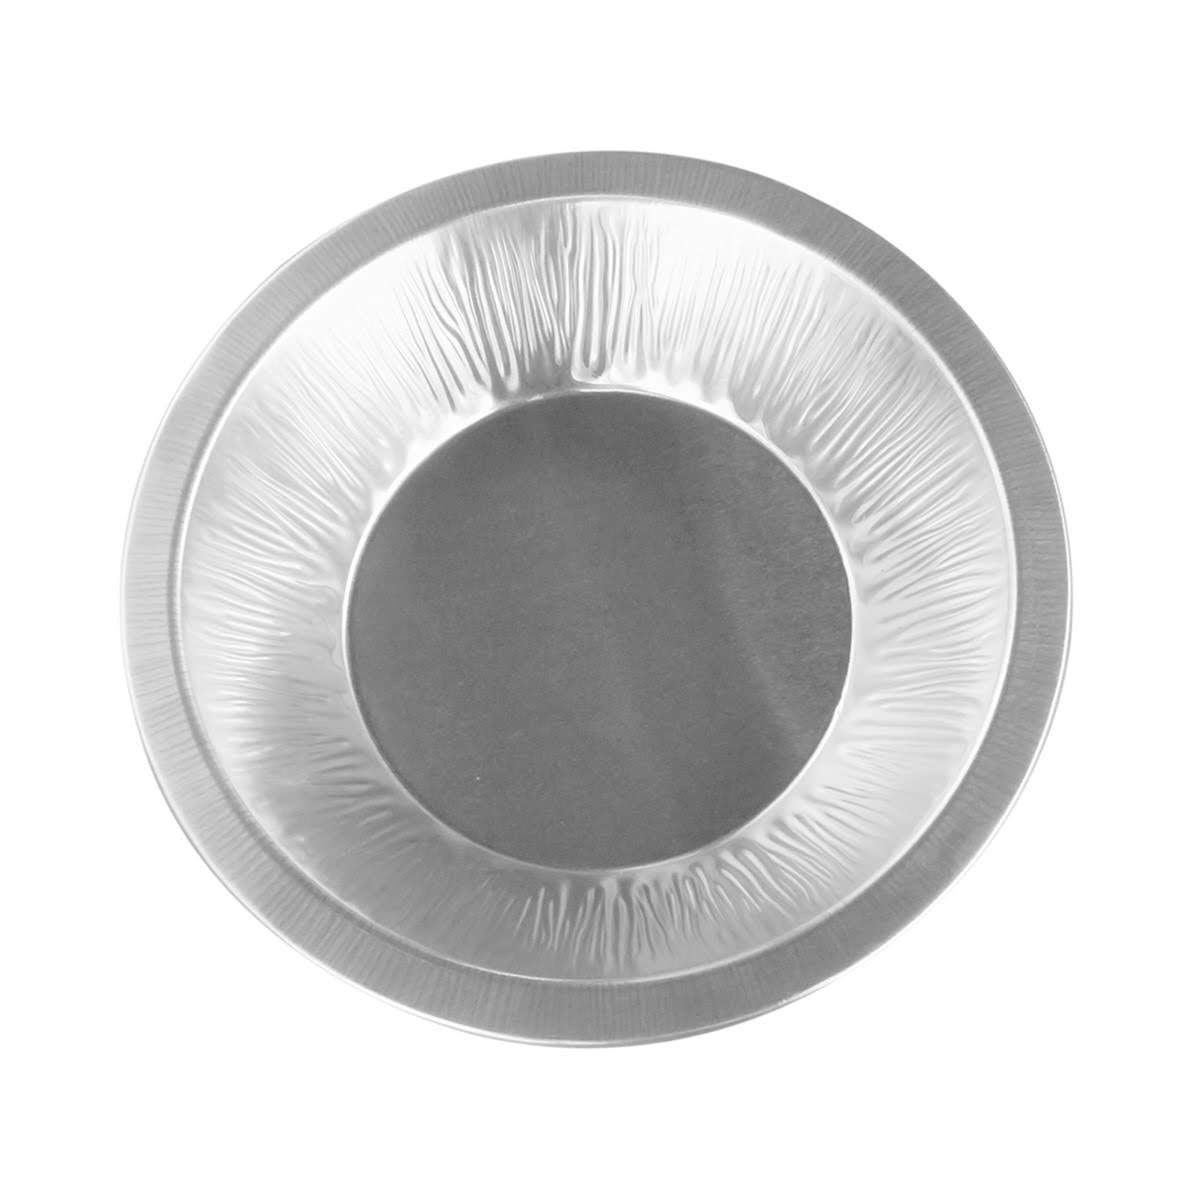 Disposable/Reusable Heavy Duty Aluminum 6
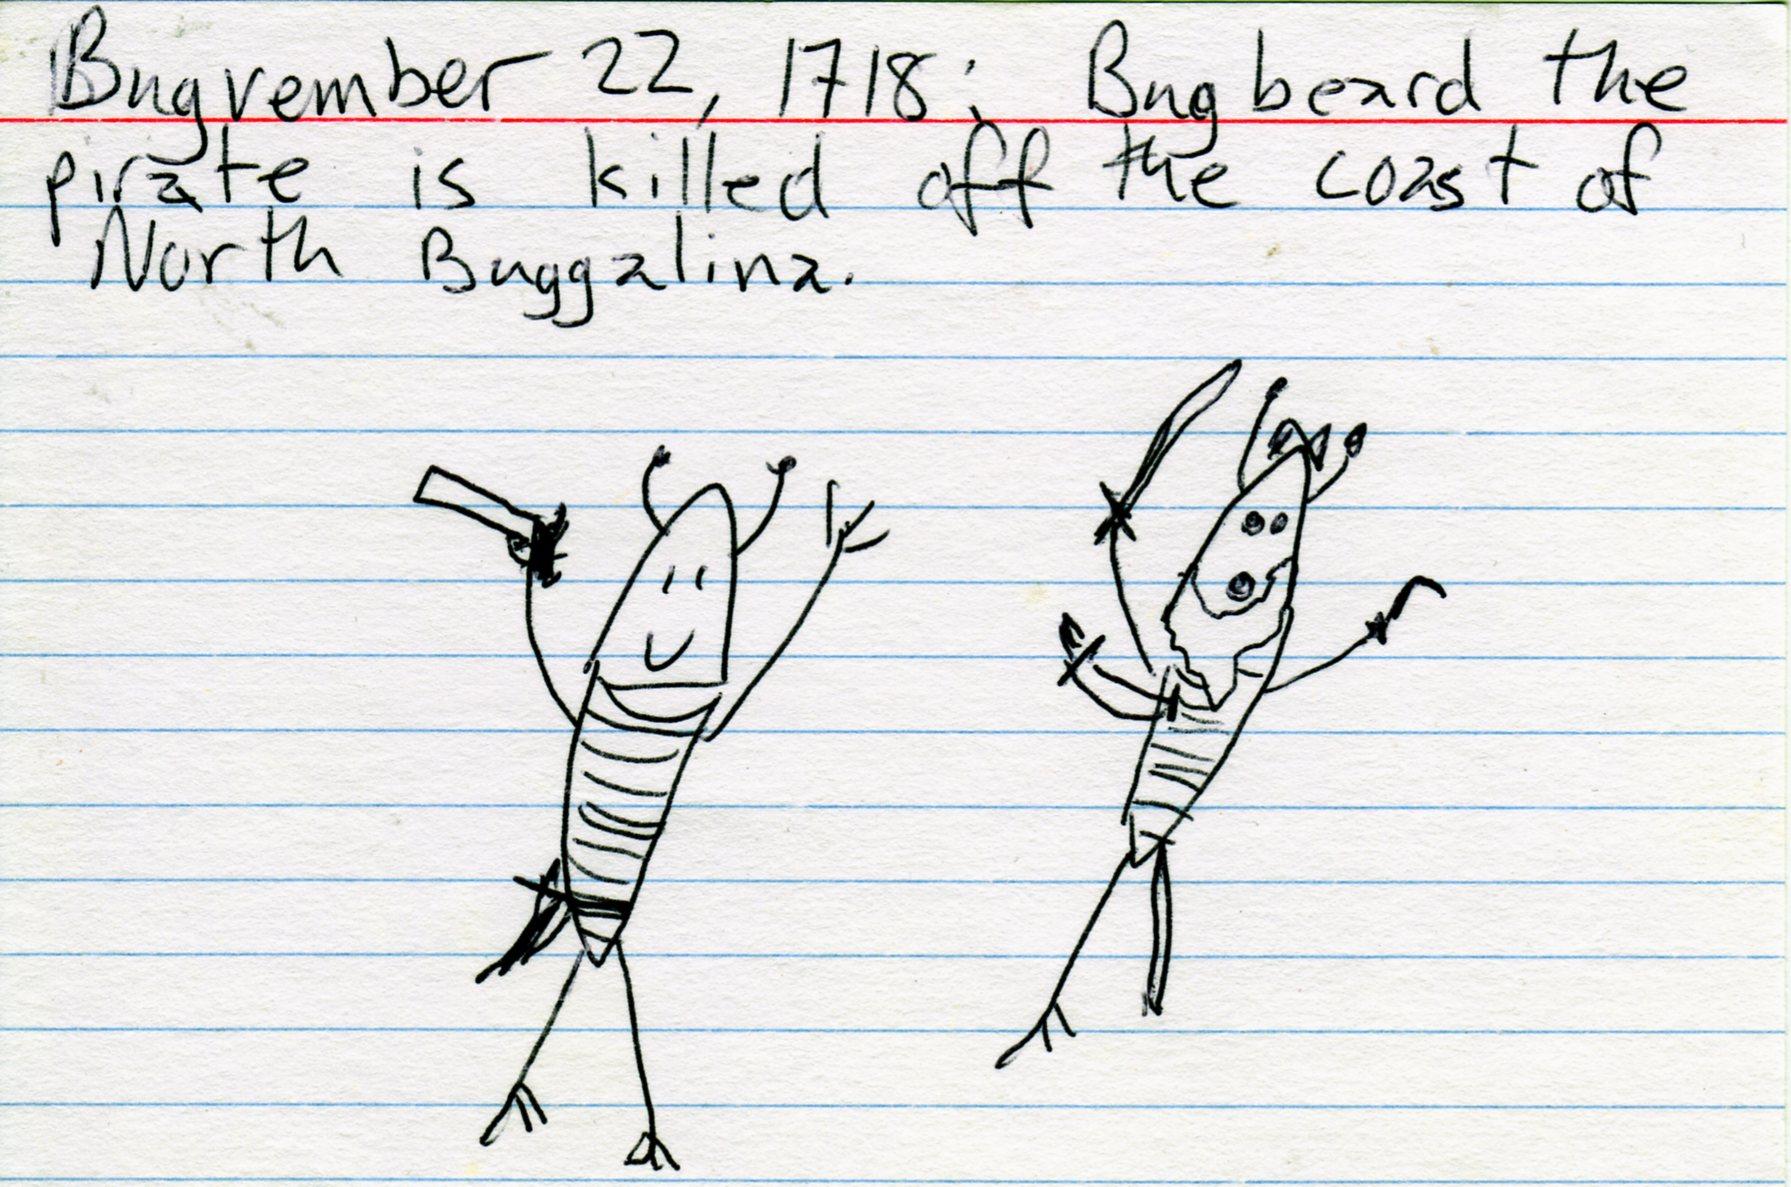 bugbeard [click to embiggen]
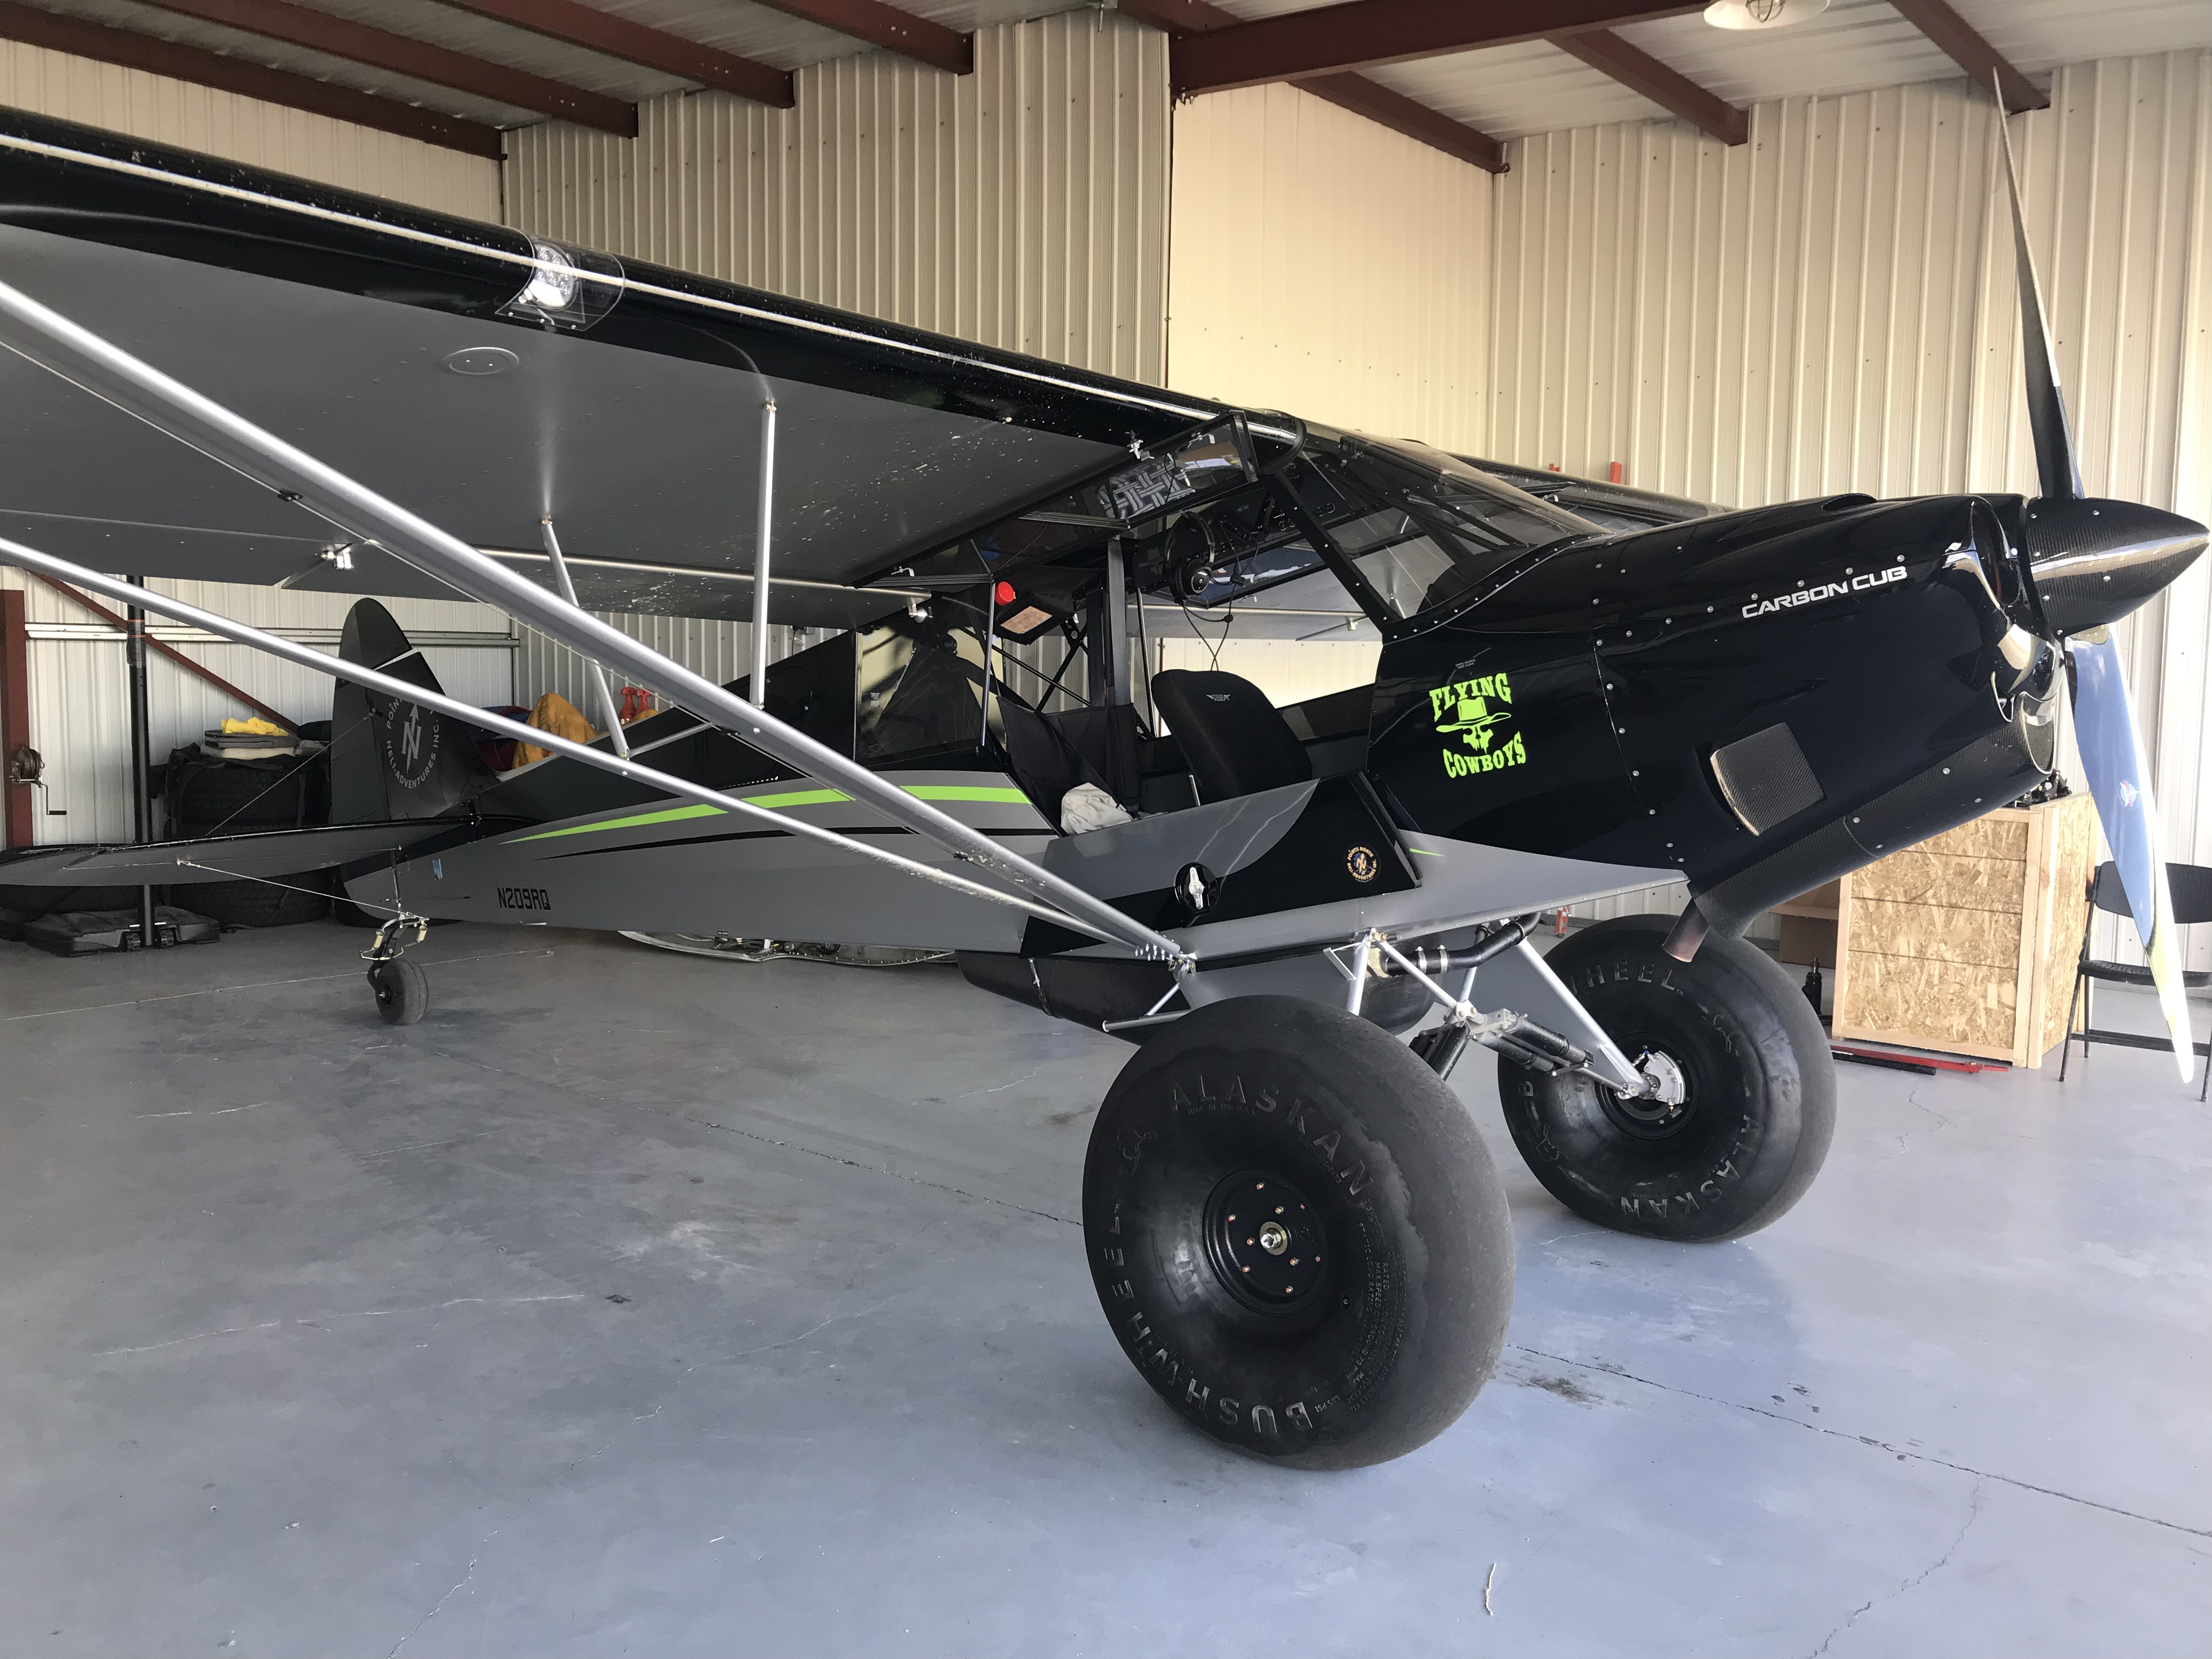 The Planes: 1953 Cessna 180, 2016 Backcountry Super Cub, 2018 Carbon

▶ [Task description]
A faithful, word-for-word copy of the data is needed; the pictures should not appear in it.

▶ [Written solution]
 Disposable/Reusable Heavy Duty Aluminum 6
 bugbeard [click to embiggen]
 The Planes: 1953 Cessna 180, 2016 Backcountry Super Cub, 2018 Carbon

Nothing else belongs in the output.